I am able to pass this collection (with 600 GFF3 files) to each tool, but PanTA and Panaroo don’t work as expected. Panaroo outputs an empty list with 0 datasets, and PanTA says that there must be at least 2 samples, even though the input has about 600 GFF3 files.
Here is the link to the history I am using to test this: Galaxy
I would appreciate it if anyone could help me with this issue, as I am new to Galaxy.
Thanks in advance,
Fernando Martin Garcia
admin edit: fail - "a list with 0 datasets " & “Exception: There must be at least 2 samples” - Inputs not recognized?
I can’t see how the jobs were set up (they weren’t fully shared) but I can see the input collection (both copies). I wondering if the sample names (collection element identifiers) were truncated by the tools due to the format.
I’ve reorganized the samples with group tags (for the batch groups), and simplified element identifiers (sample names), plus pushed the full original name into a general purpose tag (optional “name” tag – you could modify this to be something else).

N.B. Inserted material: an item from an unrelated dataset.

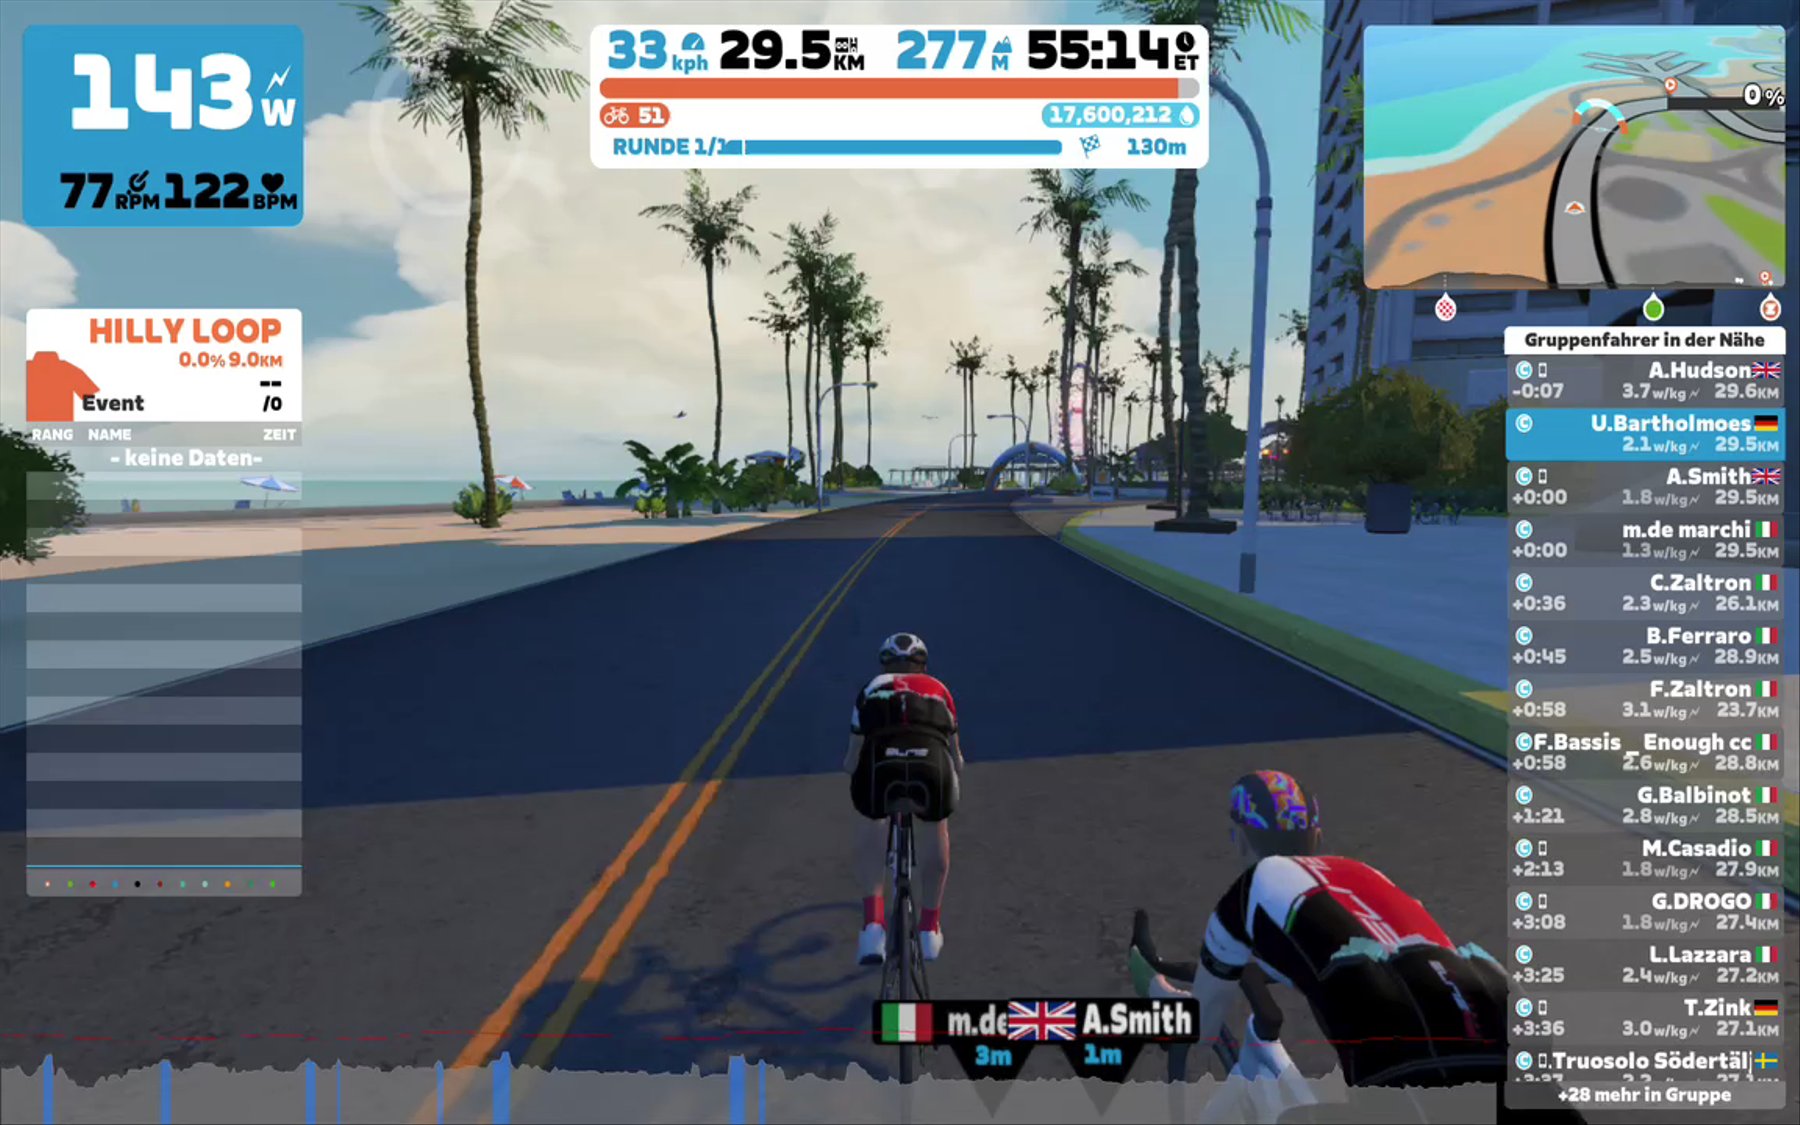 Zwift - Group Ride: Road to Ruins - Elite Cycling Social Ride on Road to Ruins in Watopia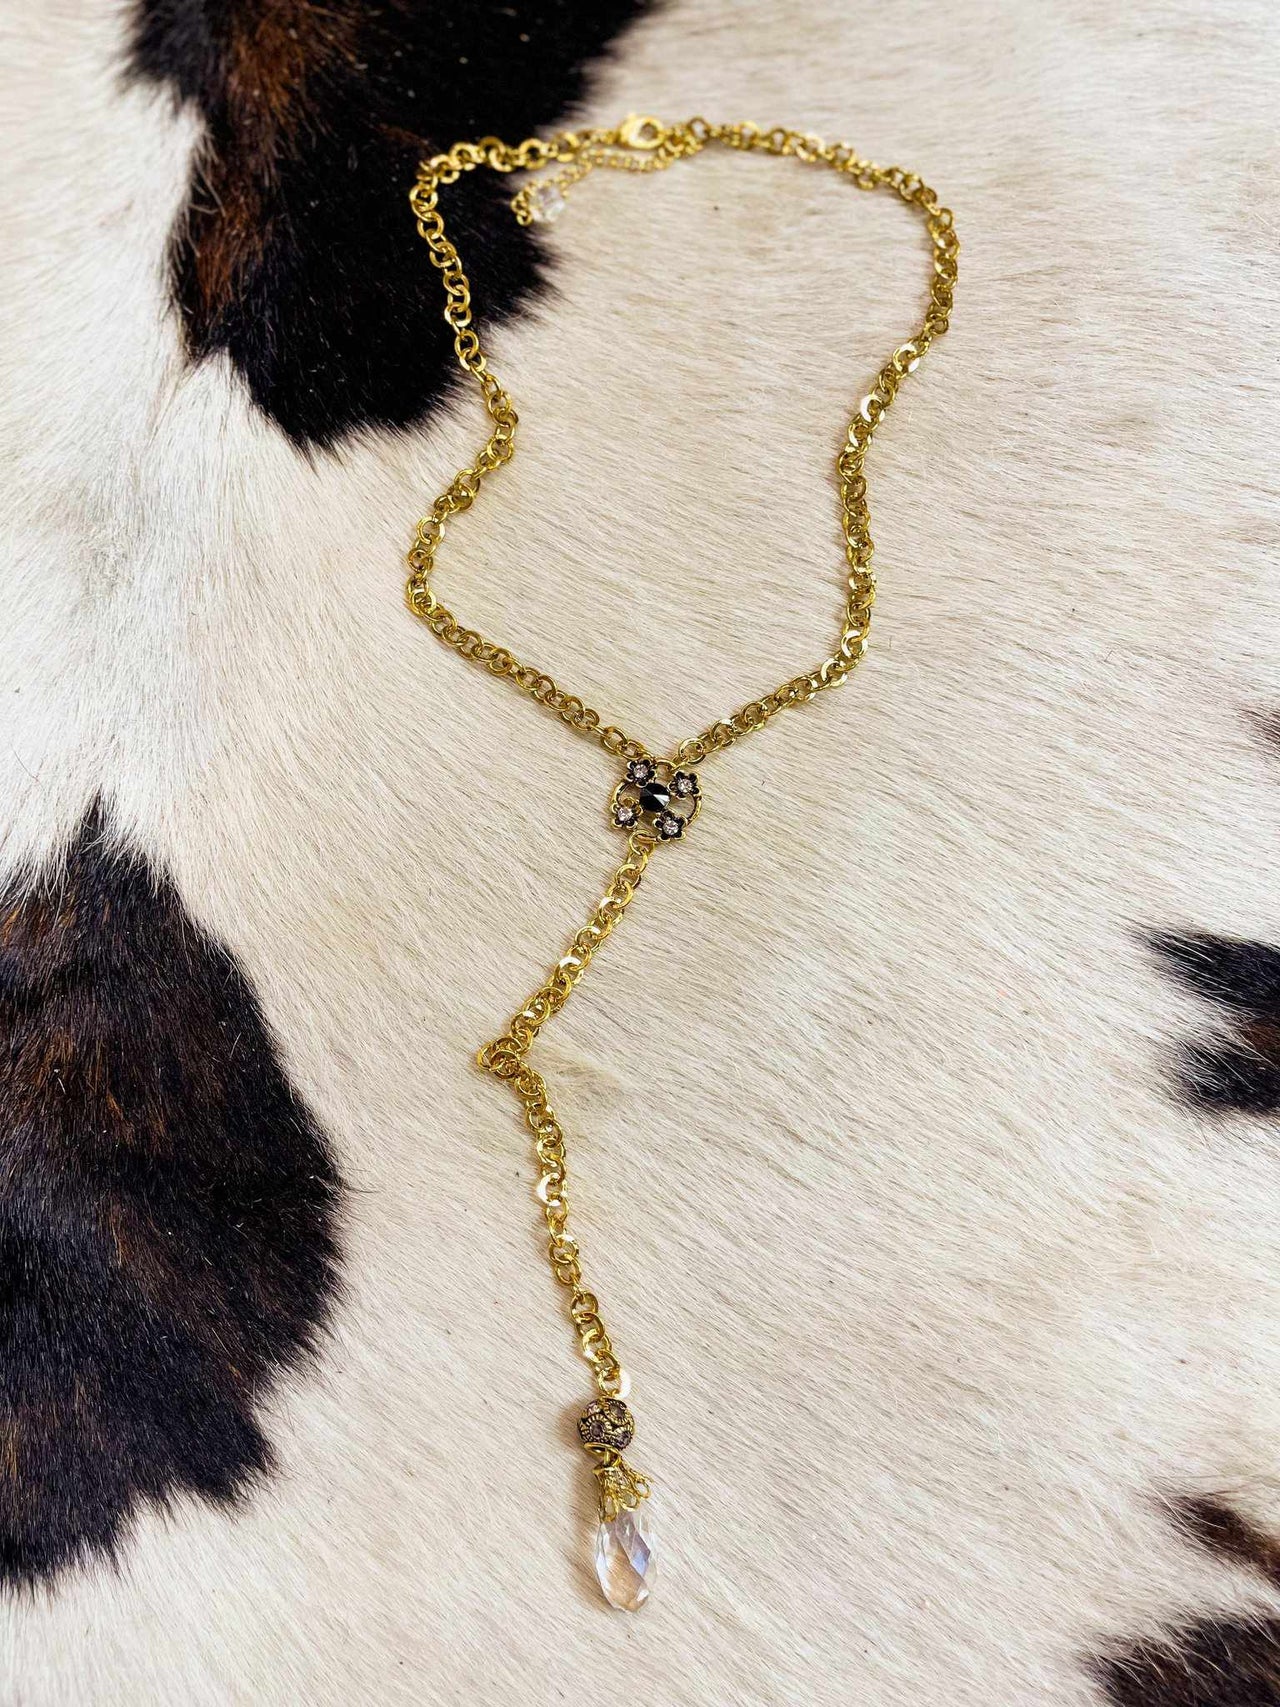 The Nova Antique Gold Necklace-Necklaces-Southern Fried Chics

I’ve done that for the full batch, then created a downsample set for you to test with (5 samples).
Would you like to run some tests to see if the reorganization was enough to resolve the immediate sample interpretation error? I didn’t notice anything else special about the gff3 files – these look Ok to me from a first pass.
Then, if the job(s) fails again, and you don’t want to share the actual datasets in the history, please capture a screenshot of the job Details view so I can see the tool input/parameter configuration and the full job logs to replicate the job and examine the technical details. We can pull in the EU administrators if this is some server issue but I don’t think that is needed yet.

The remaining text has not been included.